As for the pit rescues, I volunteer at the animal shleter, and there are 3 'pits' that are all mutts. Usually having long hair is a dead giveaway, or the way the tail and coats are (which is why they label them as plain terriers at the animal shelter). One day I will rescue a dog, just can't at the moment. Adopting is much different than owning as you have no clue how many breeds are mixed into the genetics, which could possibly require much more training time ti achieve a submissive dog than one that has been bred for companionship.

I know this because people bring back dogs ALL THE TIME.


----------



## KMdogs (Apr 22, 2011)

strongmasseters said:


> This thread has NOTHING to do with a purebred argument, which is what you are making it to be. I have 0 interest in that (*even though I know the breeder and he only sells to certain people, aka not craigslist or randoms*). I can't care any less that I don't have papers. I have 1 mutt and 1 cavalier king charles spaniel (with papers) and it makes 0 difference in having the papers.

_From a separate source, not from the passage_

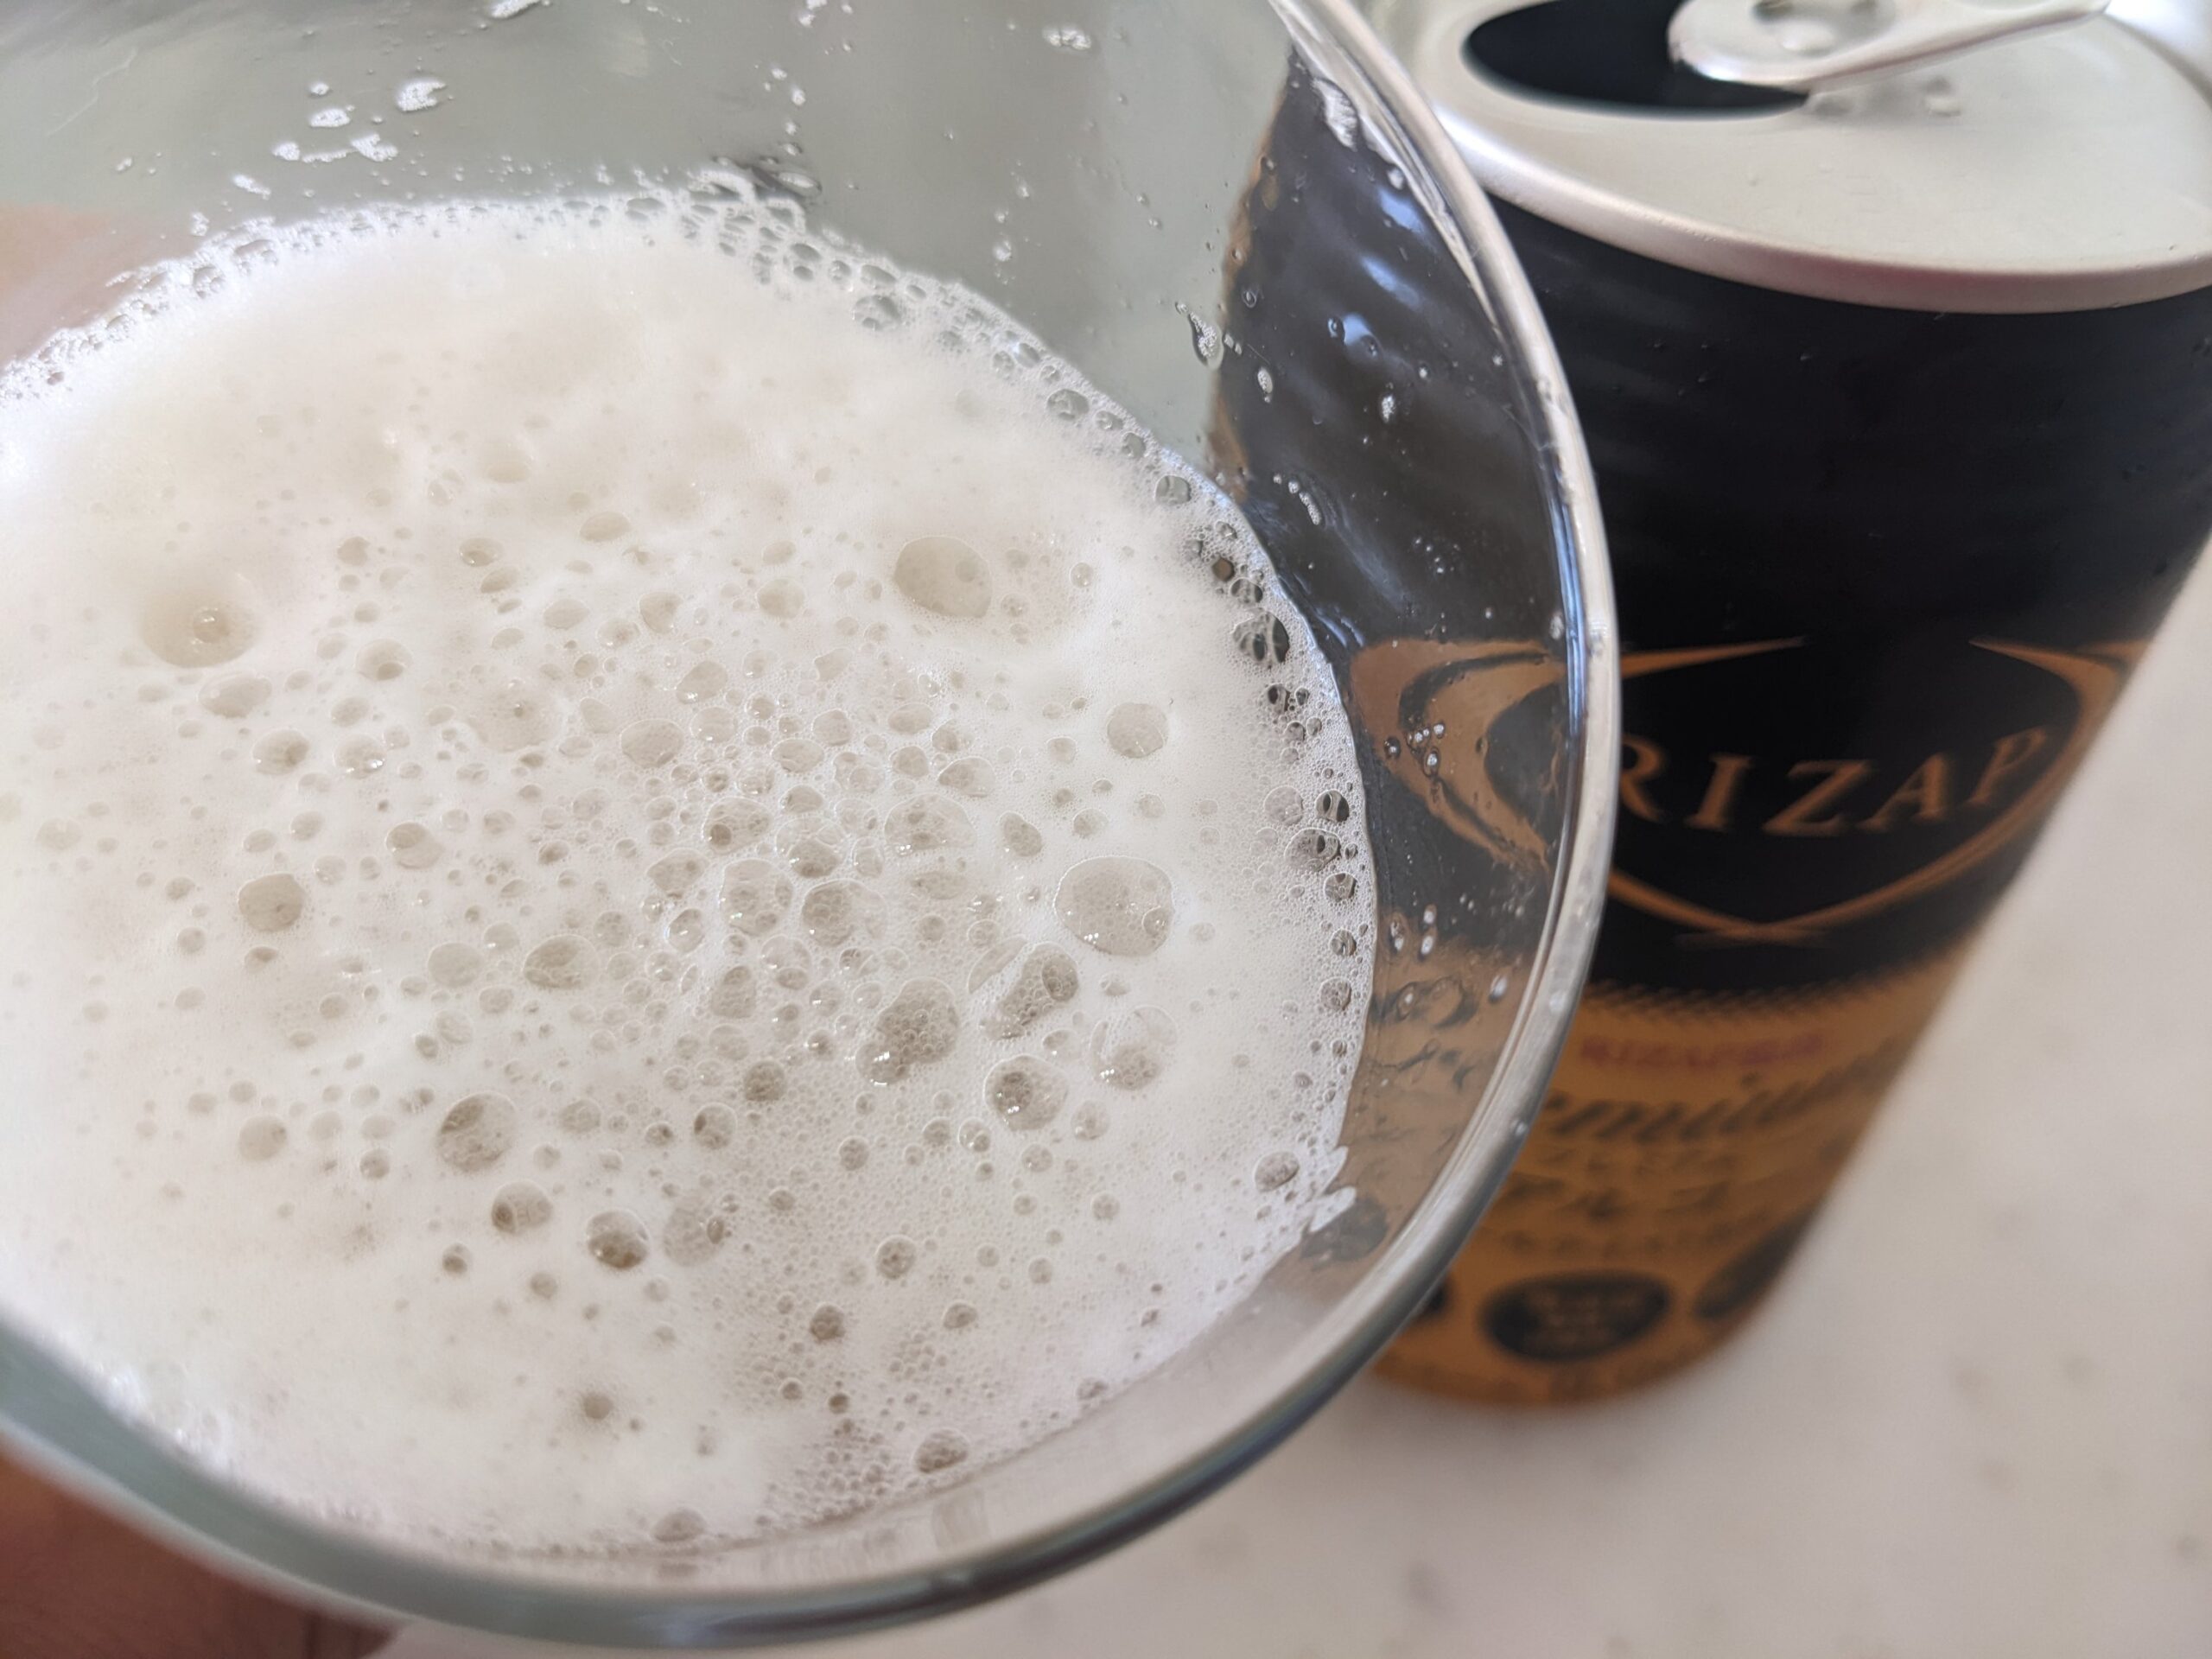 「RIZAP（ライザップ）プレミアムノンアルコールビールテイスト飲料」を一口飲んだところ

If you know the breeder and know he is "legit", responsible and breeding true to the dogs (not a BYB) than there should be a significant consistency in what is being thrown, especially so given that RE is an American Bully bloodline and American Bullies are bred as companions AND *show ring*.. Given they are bred for show thus registry standards, there is a tighter consistency in physical appearance. (rather should be, anyway)

If anything, if the he knows genetics and knows what he is doing when producing litters, stacking ped, etc.. There should be consistency in his yard if anything thus the question is mute..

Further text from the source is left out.